Research in the Shymkent region
The detachment of the Chimkent Pedagogical Institute continued a comprehensive study of the monuments of agricultural and pastoral culture of the 1st-6th centuries BC in "Ary's river basin, southern slopes of Karatau and Karzhantau". The settlement-fortress of Altyntobe (Bugun district, near Altyntobe) and the burial ground of the same name (0.8 km west of the settlement) were studied.
Altyntobe is an oval-shaped hill 150x90 m in size at the base, 85x35 m in the upper part, 16 m high, elongated with slight deviations along the north-south axis, and surrounded from the south, west, and north by ditches 15-20 m wide, which cut through the western slope of the settlement to the mainland base, the stratigraphy of the site and its typology (a single-layer settlement-fortress on stylobate) were finally revealed. The design features of the stylobate, which is a monolithic platform 12.5-13 m thick, made of rectangular raw bricks 46-48x26-28x8-12 cm in size and pakhsa, combined in horizontal masonry, are determined.
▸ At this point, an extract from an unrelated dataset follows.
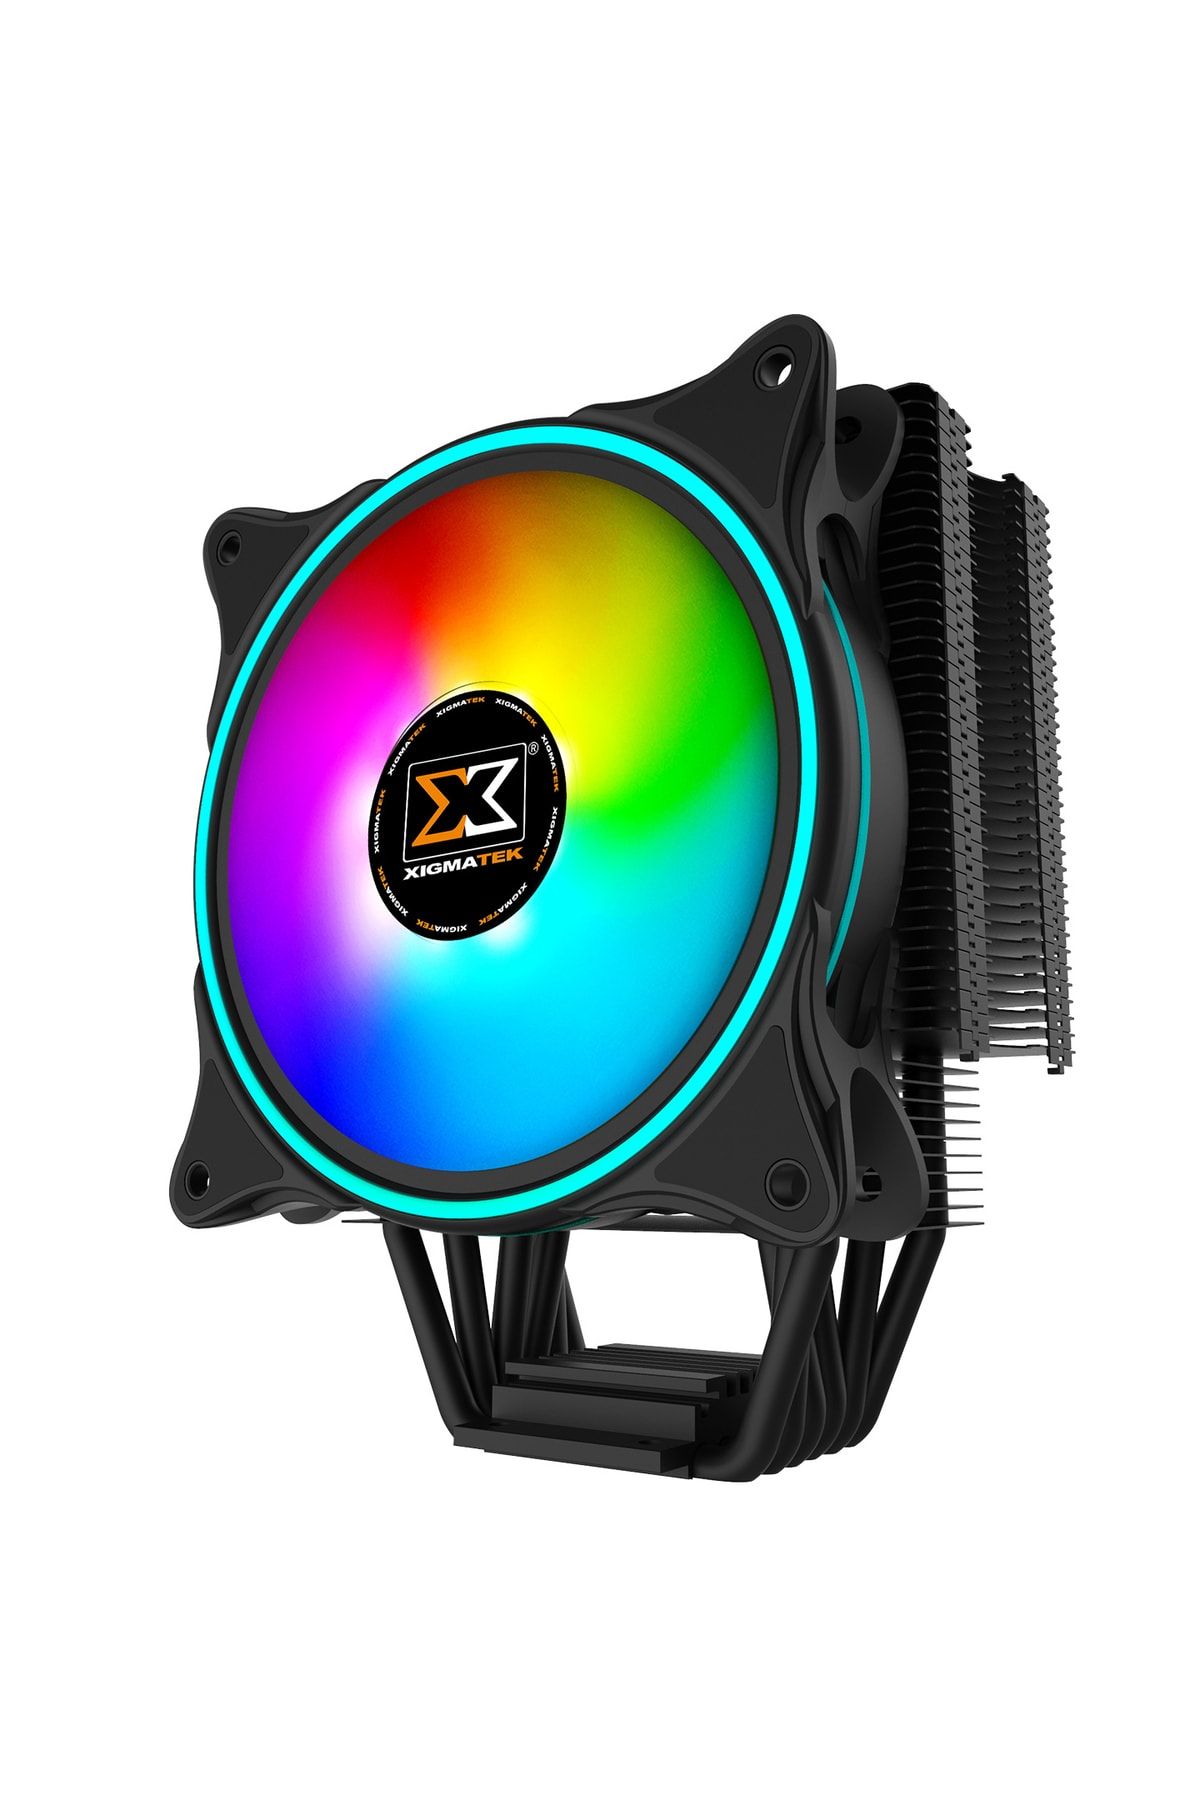 Xigmatek Windpower Wp 1266 En42388 Intel/amd Tümü 120mm At120 Rainbow Pwm Fan Fan Cpu Soğutucu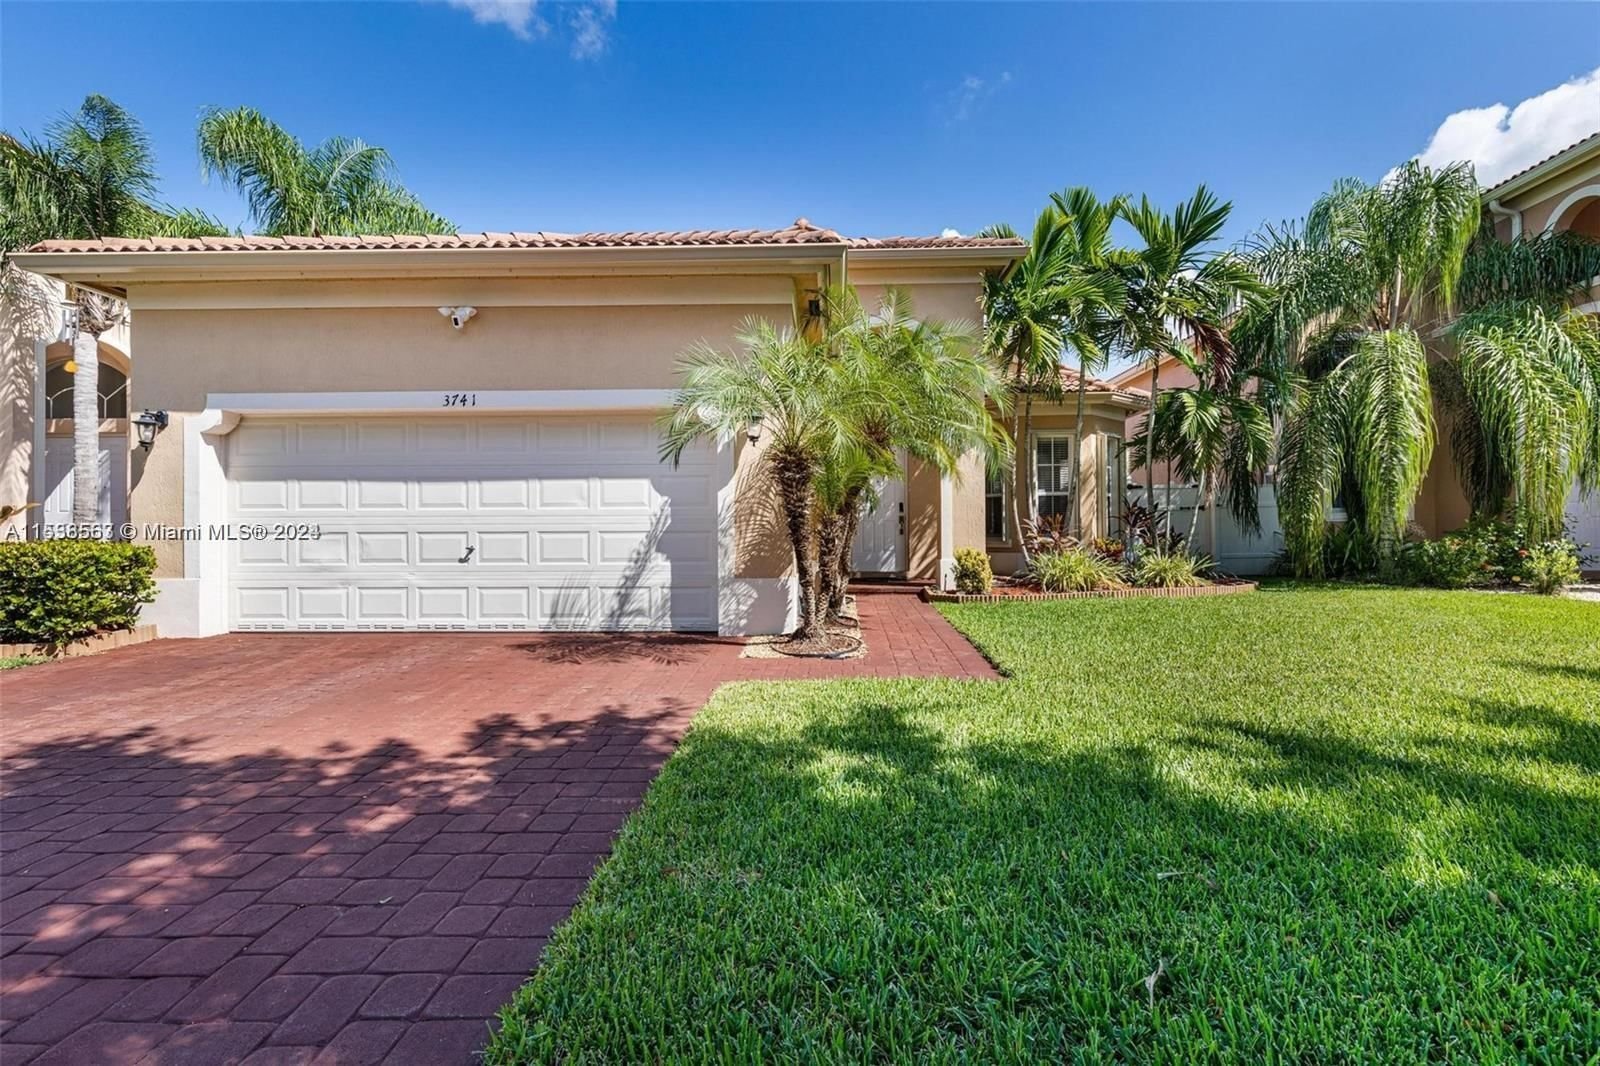 Real estate property located at 3741 15th St, Miami-Dade County, PORTOFINO LAKES, Homestead, FL

The base-stylobate rests on the alluvial promontory ledge of the right floodplain terrace of the ancient river Ak-Bulak. The material of the pit (fragments of household vessels such as khum, khumcha, water-bearing jug) is similar to the material of the upper building horizon of the main excavation and dates back to the 4th-6th centuries BC.
At the burial ground Altyntobe, located on the left terrace above the floodplain of the Ak-Bulak river and including more than 300 mounds, work was carried out on barrows 4; a, 9, and 13. A burial robbed in antiquity in a soil pit measuring 2.2x1.5 m at a depth of 4.1 m from the surface was discovered in mound 13 (a disturbing skeleton without grave goods, oriented to the east). The peculiarities of the burial rite and inventory of some mounds of the burial ground allow us to interpret the latter as a necropolis of the nearby settlement of Altyn-tobe.